January 2021 Gta Real Estate Review with Jack Cherry

February 11, 2021

January 2021 GTA real estate review.

We sit down to talk with Jack Cherry, a Toronto real estate agent with the Cherry + Mangano team at Sage Real Estate to talk about the January 2021 GTA real estate market.

We discuss how 2021 started and what’s happening with the condo market in Toronto. Join us for the full discussion below:

Jack Cherry’s contact info:

Website: cherryandmangano.com
Facebook: @cherryandmangano
Instagram: @cherryandmangano

Don’t feel like watching? Find the full transcript below!

Chris: [00:00:00] Today, I’m joined by a very special guest and friend, Jack Cherry, a realtor with the Cherry Mangano team at Sage Real Estate. Jack, welcome. How are you?

Jack: [00:00:12] Good, good. Thanks for having me. I threw on my air pods just to match you as well,

Chris: [00:00:18] So helpful, so useful. Jack, Yesterday, Treb released the real estate numbers, and I’m finding them to be always a lot of curiosity around the numbers and what it’s actually telling us. And one thing is what the statistics are. The other thing, as you know, is what’s actually happening at the street level. And you as a realtor have a unique perspective on this. So I’m wondering what the talking points that you see out of those numbers and what you’re actually experiencing at the street level and especially with the condo market. So go ahead, tell me.

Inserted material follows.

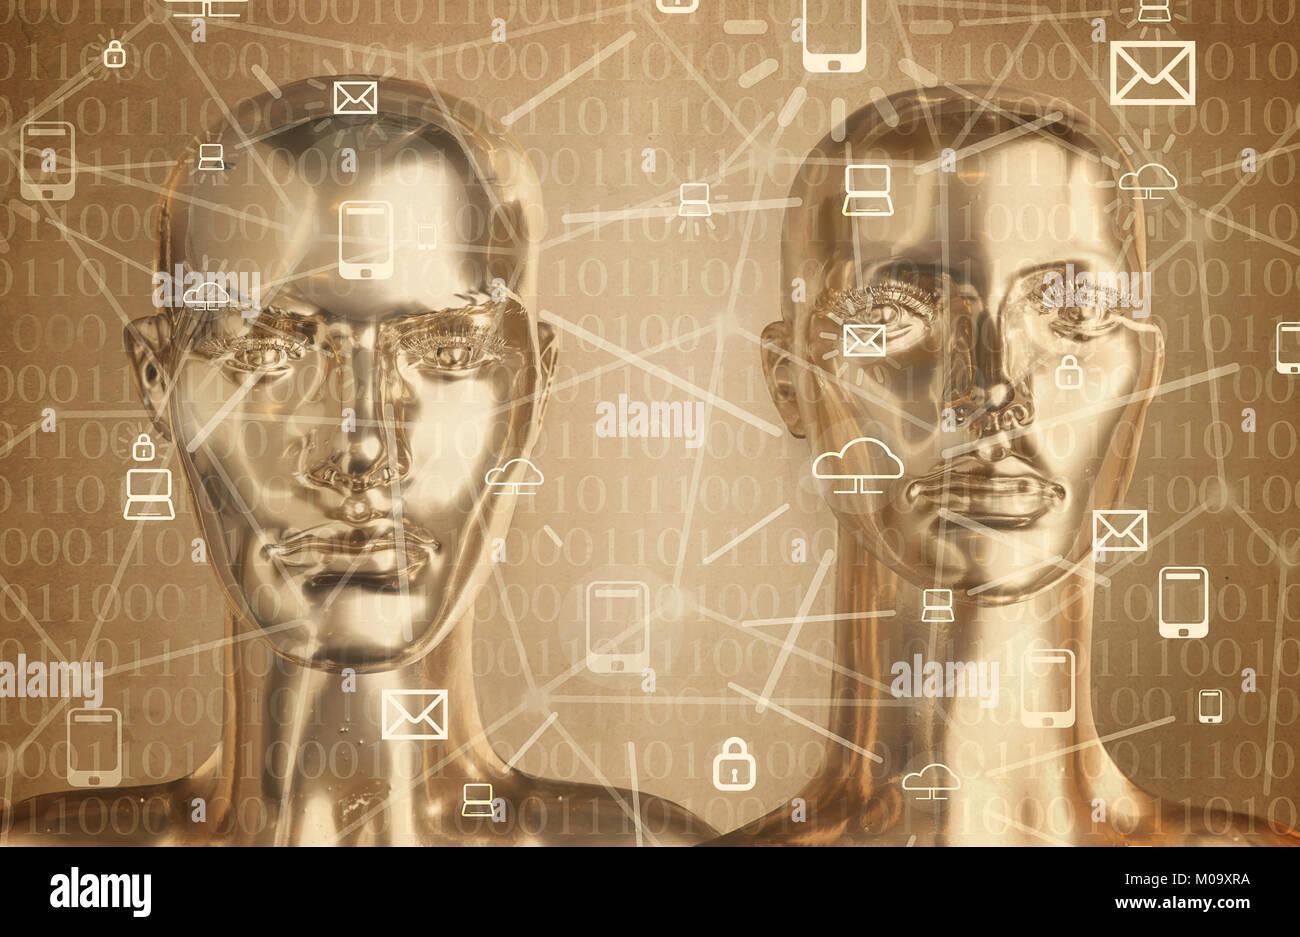 Intelligenza artificiale - concetto di globalizzazione, Internet, rete Immagini Stock

Rebound in the condo market

Jack: [00:00:59] Yeah, definitely. I mean, the free market just’s a train that can’t be stopped. So it’s a lot more interesting right now with the stats coming out to talk about the condo market, condo market. We’ve seen total GTA year over year. We’re down about 8%. But if you look strictly at the core, it was actually down 16%. Now, that that’s not a true reflection of what is currently going on, as you said, street level with the condo market, we knew the condo market would come back. We thought it would be sort of a U-shaped recovery. But we’re finding that it has bounced back a lot quicker than we anticipated. And it’s more like a V shape, very basic. One-bedroom condos all of a sudden are getting three-plus offers.

Chris: [00:01:51] No way.

Jack: [00:01:53] Multiple offers all across the GTA and in condos. We brought out two condos last Monday, very different areas. One was at young Summerhill, one was at St. Clair and Wharton. Both were sold firm in 48 hours, the one that Young and Summer Hill was under 600 square feet and we almost got $1350 per square foot. So no great bounce back quickly. Yes.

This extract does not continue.